Idempotent, incremental sync
Each run:
- resumes from the saved cursor (the high-water mark on the record's upstream update time), minus a small overlap window so same-second / clock-skewed updates are never missed;
- pages issues in ascending update order (
state=all, so closing an issue is not mistaken for a deletion), folding each issue + its comments into one memory; - routes each record through an idempotent upsert keyed on
(source_system, source_id):- unseen record → insert,
- changed content (by content hash) → update in place + re-embed,
- unchanged content → no-op (only the "last seen" time advances);
- advances and persists the cursor only after the run, so an interruption re-scans rather than skips.
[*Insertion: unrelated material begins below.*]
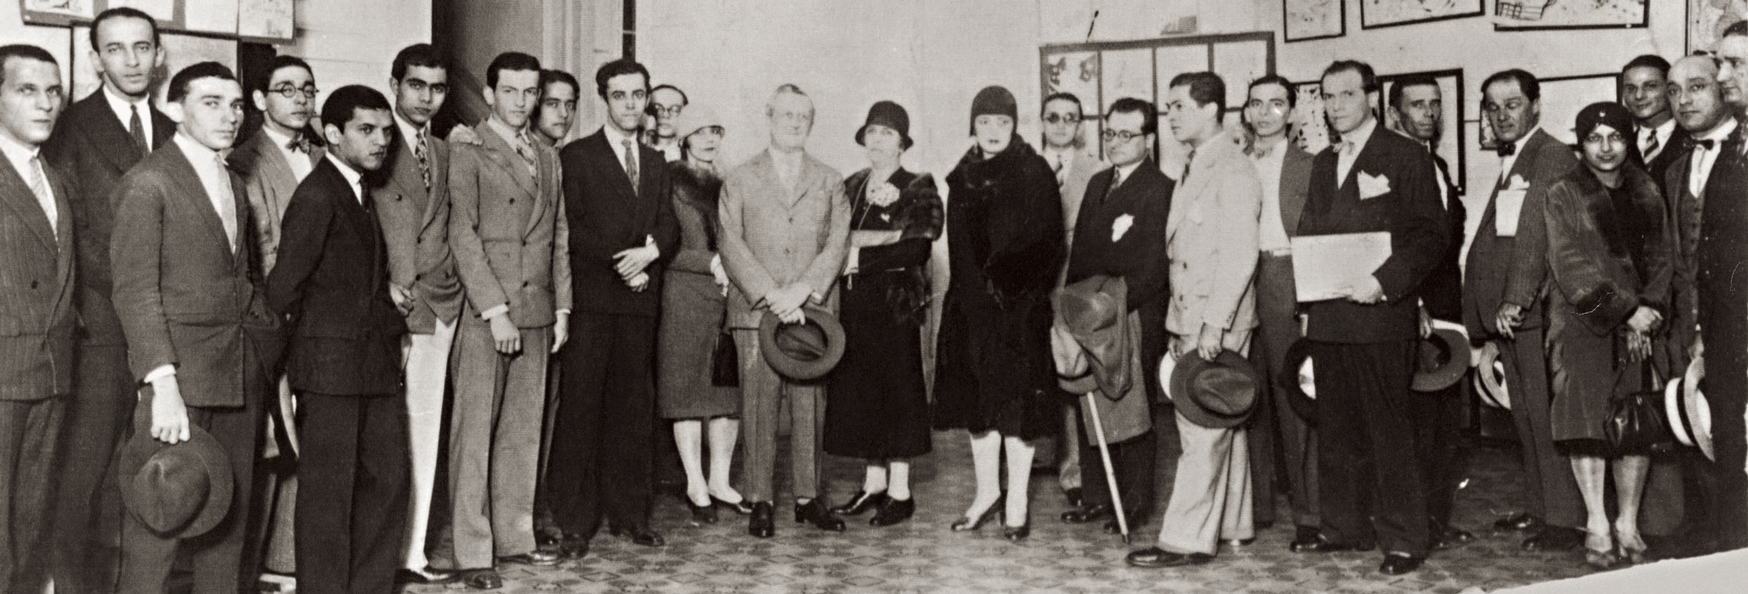 1928-Exposicao-de-Cicero-Dias-na-Policlinica-Rio-de-Janeiro.png

Re-running source_sync on the same repo is therefore safe and cheap — it picks
up only what changed.
Deletions (tombstoning)
Neither GitHub nor Redmine exposes a deletion feed, so an incremental sync can
never see a delete. Pass reconcile: true to run a reconciliation pass: Vestige
enumerates the currently-visible issue ids and invalidates (does not purge)
any local record no longer present. A tombstoned record keeps its content for
audit but drops out of "currently valid" retrieval (sourceRecord.tombstoned is
true). If the record reappears upstream, the next sync un-tombstones it.
The source envelope
Every connector-ingested memory carries structured provenance, distinct from the
legacy free-form source label:
| Field | Purpose |
|---|---|
source_system |
github, redmine, … (namespaces ids). |
source_id |
Native id (issue number, ticket id). |
source_url |
Canonical link back — the citation. |
source_updated_at |
Upstream update time (the sync cursor field). |
content_hash |
Change detector → idempotency. |
synced_at |
When the connector last saw the record live. |
source_project |
Repo / project / space. |
source_type |
issue, comment, … |
source_author |
Reporter / author upstream. |
(source_system, source_id) is enforced unique, so there is exactly one memory
per external record. Legacy memories (agent- or user-authored) have no envelope
and are completely unaffected.
Building
The connector HTTP client is behind the connectors cargo feature, which is
on by default in the MCP server (vestige-mcp). A build without it still
exposes the source_sync tool but returns a clear "rebuild with --features connectors" message. The core library (vestige-core) leaves the feature
off by default, so library consumers that don't need connectors link no HTTP
client.
# default MCP build already includes connectors
cargo build -p vestige-mcp --release
# explicit, or for the core lib
cargo build -p vestige-core --features connectors
Writing a new connector
Implement the Connector trait in vestige_core::connectors (fetch a window of
records updated since a cursor, page forward, and optionally enumerate live ids
for reconciliation), produce NormalizedRecords with a filled
SourceEnvelope, and hand them to run_sync. The GitHub connector
(crates/vestige-core/src/connectors/github.rs) is the reference
implementation. The sync driver, idempotent upsert, cursor checkpointing, and
tombstone reconciliation are all reused for free.